My question is, if I have a class Derived which in inherits from Base, and I have a pointer to a Derived object, how can I get the address of the Base object from the derived object? I am working with the source code of the Base Class and am printing out the address of "this" in Base. In another part of my code a retrieve a pointer to a Derived. I need to be able to print the address of the Base object via my Derived object to determine whether I have a pointer to the particular Derived object I need.

I may have a great misunderstanding of how the addresses work in C++ in inheritance. Perhaps their is only one object, not a base object linked to a derived object?

Thank you very much

Edit: The reason I want to do this is purely for debugging. The problem is that the code base I'm using does not contain many interfaces or protected members, so I am having to edit the source code to access a certain piece of information. However, my program crashes when I call a method I added to the Base class using a specific Derived pointer. I need to be able to print the address of the base object in this case so that I can determine whether this is the correct object or whether I am getting this error because I actually have a pointer to the wrong object. I realize I can add code to the derived class to cause it to print its address, but I was just wondering if it was possible to get the address without editing the source code any more. Thanks

Answer 1

Going from a pointer to derived class to a pointer to a base class is easy:

Derived * derived_ptr = < some pointer >;
Base * base_ptr = derived_ptr;

If you want to be pedantic, you can use static_cast on the right hand side of the assignment:

Base * base_ptr = static_cast<Base*>(derived_ptr);

Going from a pointer to a base class to a pointer to a derived class uses dynamic_cast :

Derived * derived_ptr = dynamic_cast<Derived*>(base_ptr);

However, this won't always work. You need to have run-time typeid enabled and the base class needs to have at least one virtual method.

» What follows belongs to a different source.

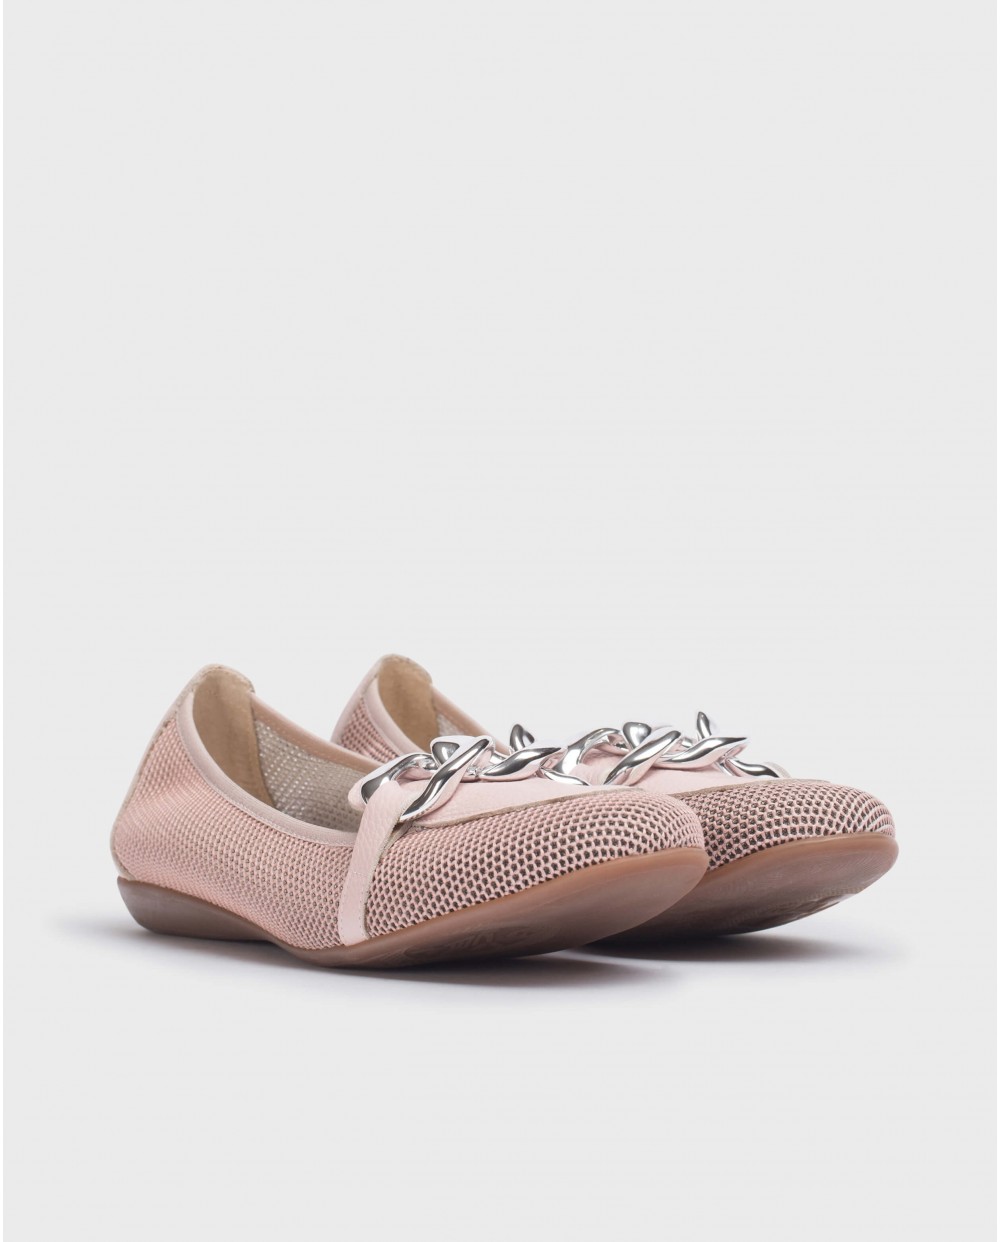 Wonders-Ready to wear-Pink Daisy ballerina

Before you go doing this, why do you need to go from a base pointer to a derived pointer? That is a clue that you may need to rethink your design.

Answer 2

There is only one object, it is composed of a Base and a Derived- that is, the Base is put into memory right next to the Derived, in most implementations. That means that the Base* is not the same as Derived* in the general case, but they will be very close.

Now, you can trivially obtain the Base* from the Derived*, the cast is implicit, but you can also make it explicit:

Derived* dptr = ...;
Base* ptr = dptr;

However, there is nothing stopping a single derived object from containing multiple Base objects. Usually this is not the case, but it can happen. That means that you cannot compare Base pointers and expect to know if you are dealing with the same object, only the same Base subobject.

Answer 3

In the simple case of single inheritance, with most compilers:

If you've got a pointer to the derived class, then that's the same as the pointer to the base class. Both pointers have the same value and point to the same memory address.

In memory, if you create an instance of a derived class, it will be laid out as the members of the base object, followed by the members of the derived object. The base class members form part of the derived object.

class Base
{
   int b;
};

class Derived : public Base
{
   int d;
};

In memory, say the Derived pointer is 0400. Then:

0400 byte 1 of b
0401 byte 2 of b
0402 byte 3 of b
0403 byte 4 of b
0404 byte 1 of d
0405 byte 2 of d
0406 byte 3 of d
0407 byte 4 of d

The derived object consists of the base members and derived's own members, and the address of both of these starts at 0400.

It just so happens, that at 0400, the base object part of derived is located. So, base and derived have the same address.